Training Data Sources
-
Undisclosed web and proprietary data
Status: Alleged
Citation: Inferred from model performance, as no information is public.
Overview: The “Black Box” Leaderboard Model
“Nova” is the name given to a family of high-performance large language models that have appeared on various AI leaderboards without a clearly identified developer. From a legal perspective, the anonymous nature of these models makes them the ultimate “black box” and exceptionally dangerous to use in any production environment.
The Anonymous Vendor Problem
- No Accountability: With no known developer, there is no legal entity to sue, negotiate with, or hold accountable for the model’s output. If the model generates infringing, defamatory, or otherwise illegal content, the liability falls entirely on the user.
- Unknown Jurisdiction: The developers could be operating from any jurisdiction in the world, including those with weak or non-existent copyright enforcement, or those under international sanctions. This creates unpredictable legal and geopolitical risks.
Training Data: A Complete Unknown
The training data for the Nova models is entirely unknown, which presents the worst-case scenario for copyright risk.
- Presumption of Infringement: Given the model’s high performance, it must have been trained on a massive dataset. With no evidence to the contrary, a lawyer must assume this data was scraped from the internet without regard for copyright, and likely includes infringing sources like Books3, pirated content, and personal data.

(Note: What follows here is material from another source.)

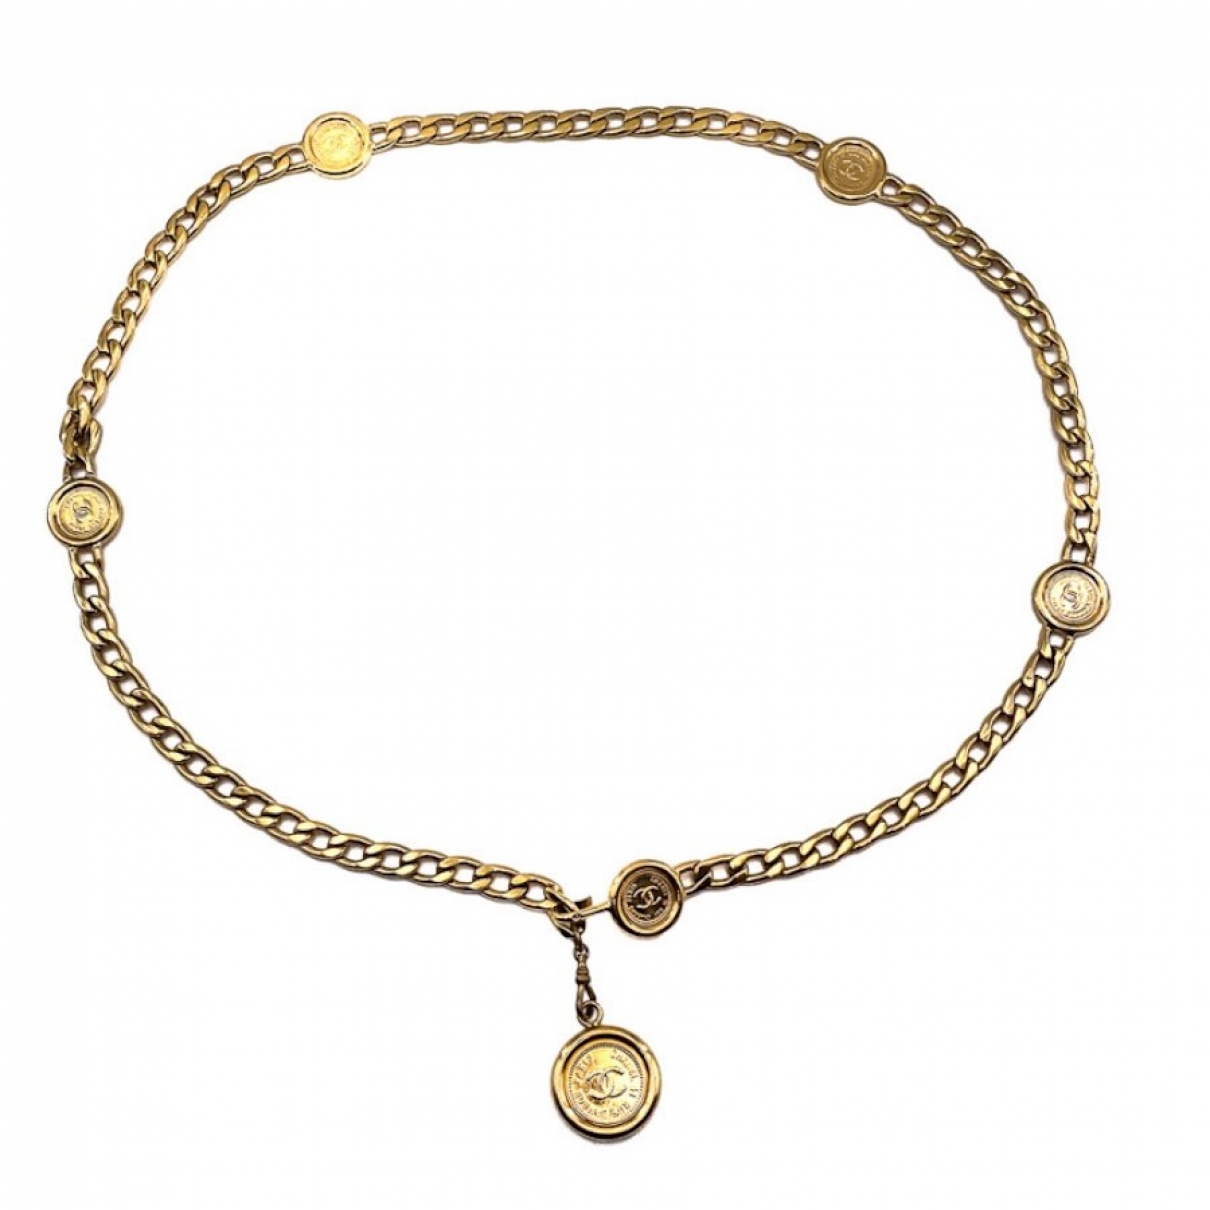 Chanel \N Gold Metal belt for Women M International

- No “Fair Use” Defense: A user of this model would have an extremely difficult time arguing for “fair use” in court. They would be unable to provide any evidence about the nature of the training data or the purpose of its use, which are key parts of the fair use analysis.
The Ultimate Legal Risk
Using a model from an anonymous source in a commercial product would be legally reckless.

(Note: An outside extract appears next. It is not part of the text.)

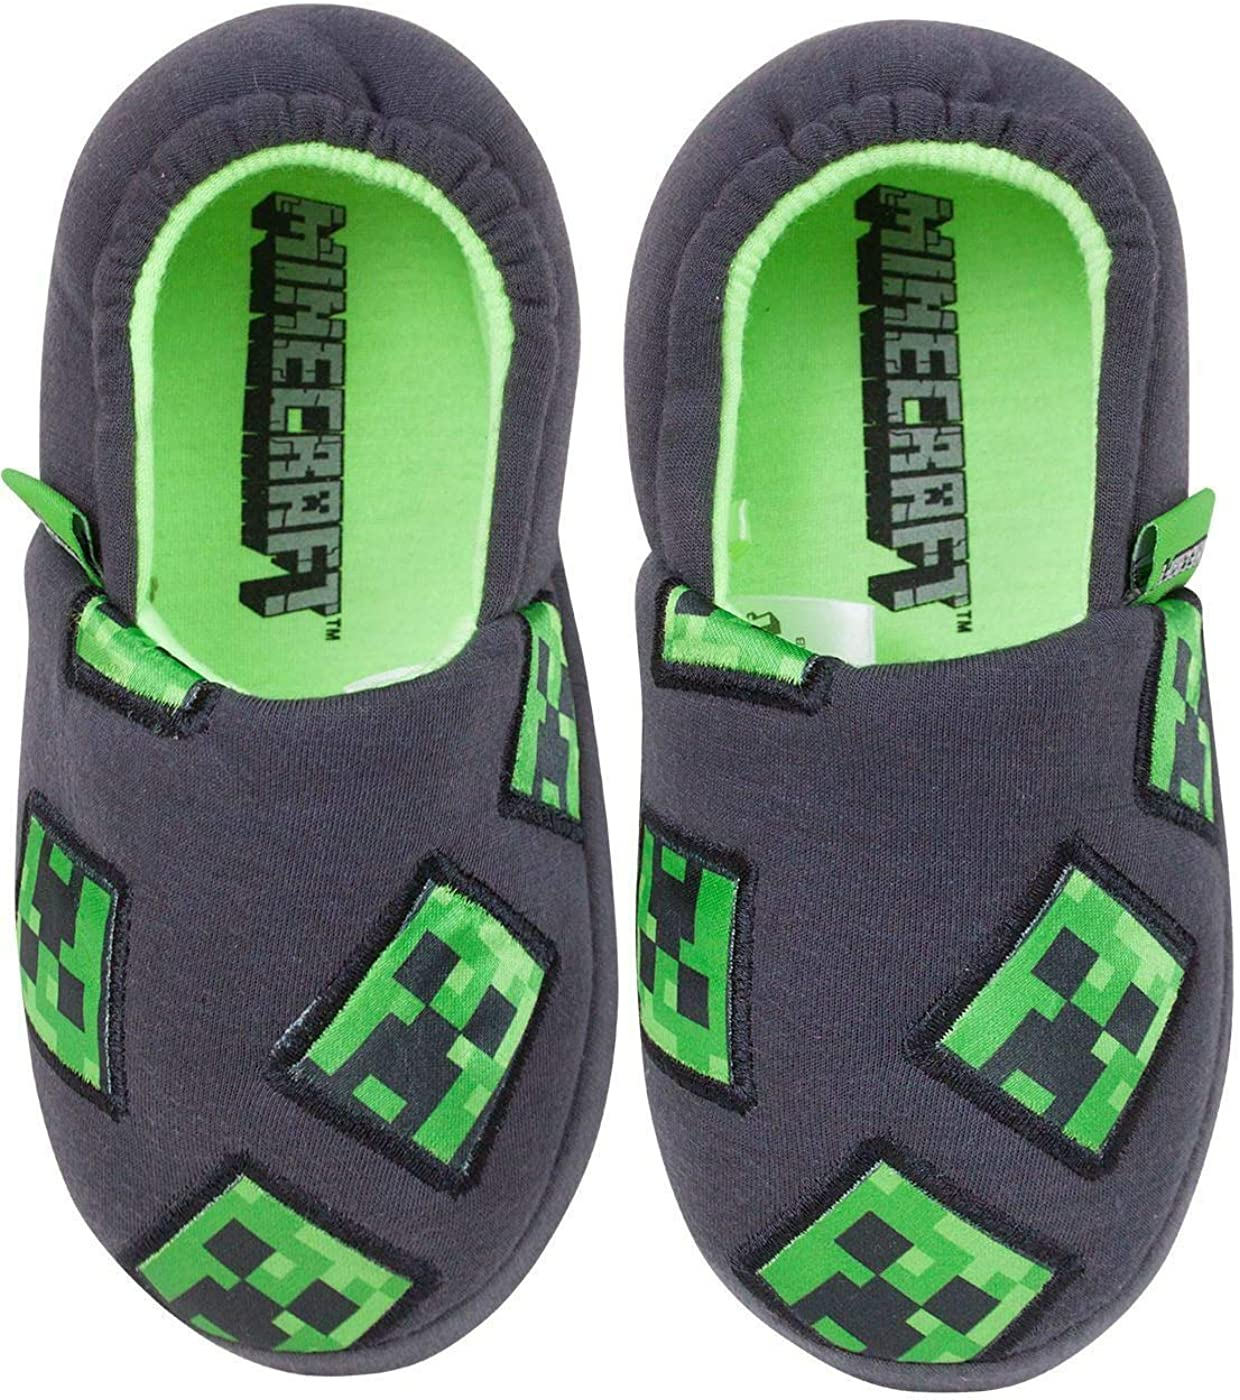 Minecraft Creeper Boys Slippers

- Zero Legal Recourse: Unlike using a model from Google, OpenAI, or Amazon, there is no possibility of a copyright indemnity. The user bears 100% of the legal risk.
- Reputational Suicide: For any established company, being found to have used an anonymous, likely infringing AI model in a product could lead to catastrophic reputational damage, on top of any legal penalties.
- “Fruit of the Poisonous Tree”: Any product or service built on top of the Nova model could be considered “fruit of the poisonous tree.” A court could potentially order the entire product to be taken down or even destroyed if it is fundamentally based on a massively infringing underlying work.